Discussion + Conclusion
In this section you’ll include a summary of what you have learned about your research question along with statistical arguments supporting your conclusions. In addition, discuss the limitations of your analysis and provide suggestions on ways the analysis could be improved. Any potential issues pertaining to the reliability and validity of your data and appropriateness of the statistical analysis should also be discussed here. Lastly, this section will include ideas for future work.
Grading criteria
Overall conclusions from analysis are clearly described, and the model results are put into the larger context of the subject matter and original research question. There is thoughtful consideration of potential limitations of the data and/or analysis, and ideas for future work are clearly described.
Organization + formatting
This is an assessment of the overall presentation and formatting of the written report.
Grading criteria
The report neatly written and organized with clear section headers and appropriately sized figures with informative labels. Numerical results are displayed with a reasonable number of digits, and all visualizations are neatly formatted and labeled. All citations and links are properly formatted. If there is an appendix, it is reasonably organized and easy for the reader to find relevant information. All code, warnings, and messages are suppressed. The main body of the written report (not including the appendix) is no longer than 10 pages.
Reproducible GitHub Repo.
All written work (with exception of presentation slides) should be reproducible, and the GitHub repo should be neatly organized.
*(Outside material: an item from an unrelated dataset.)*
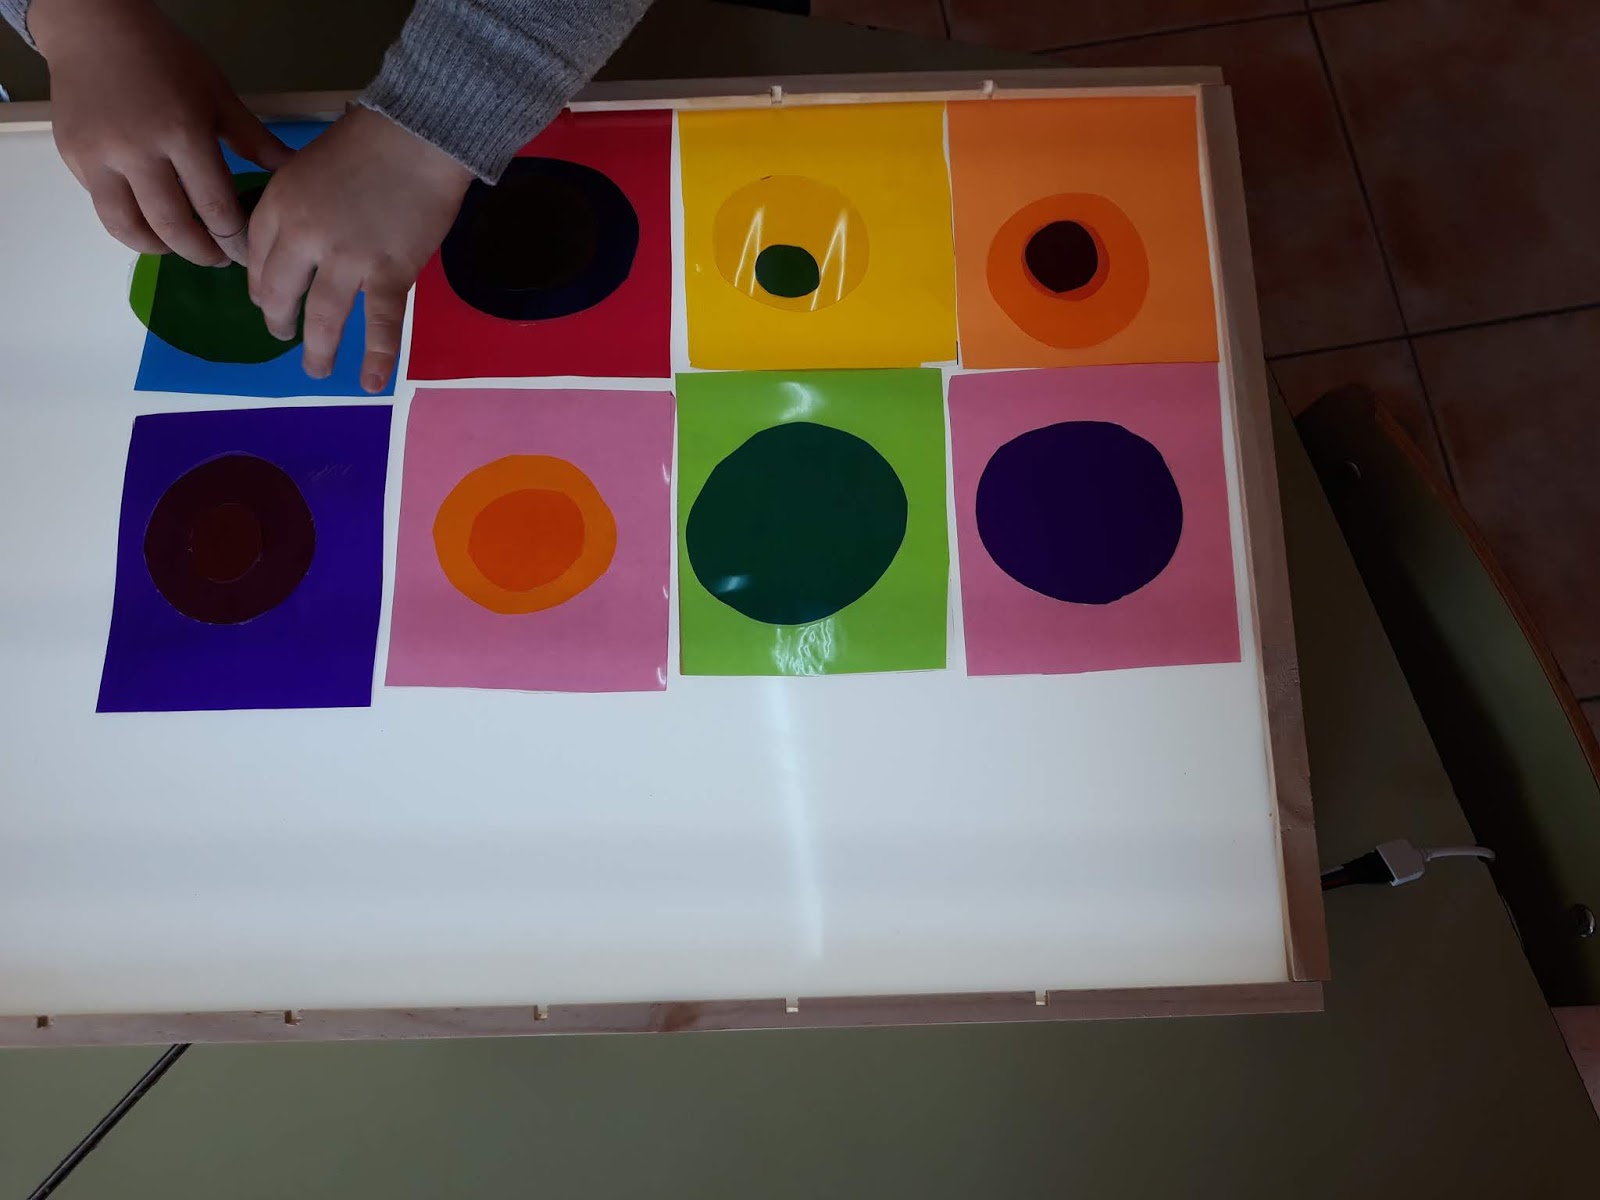 la mesa de luz – Montessori en tu casa

The GitHub repo should have the following structure:
README: Project title and team name- Short project summary
report.qmd&report.pdf: Final written reportproposal.qmd&proposal.pdf: Project proposalresearch-topics.qmd&research-topics.pdf: Proposed research questions/data: Folder that contains all data used for the final project./data/README.md: Data dictionary and source for data set
project.Rproj: File specifying the RStudio project/presentation: Folder with the presentation slides or link to slides..gitignore: File that lists all files that are in the local RStudio project but not the GitHub repo/.github: Folder for peer review issue templateAny other files should be neatly organized into clearly labeled folders.
Update the README of the project repo with your project title and team members’ names.
Points for reproducibility + organization will be based on the reproducibility of the written report and the organization of the project GitHub repo. The repo should be neatly organized as described above, there should be no extraneous files, all text in the README should be easily readable.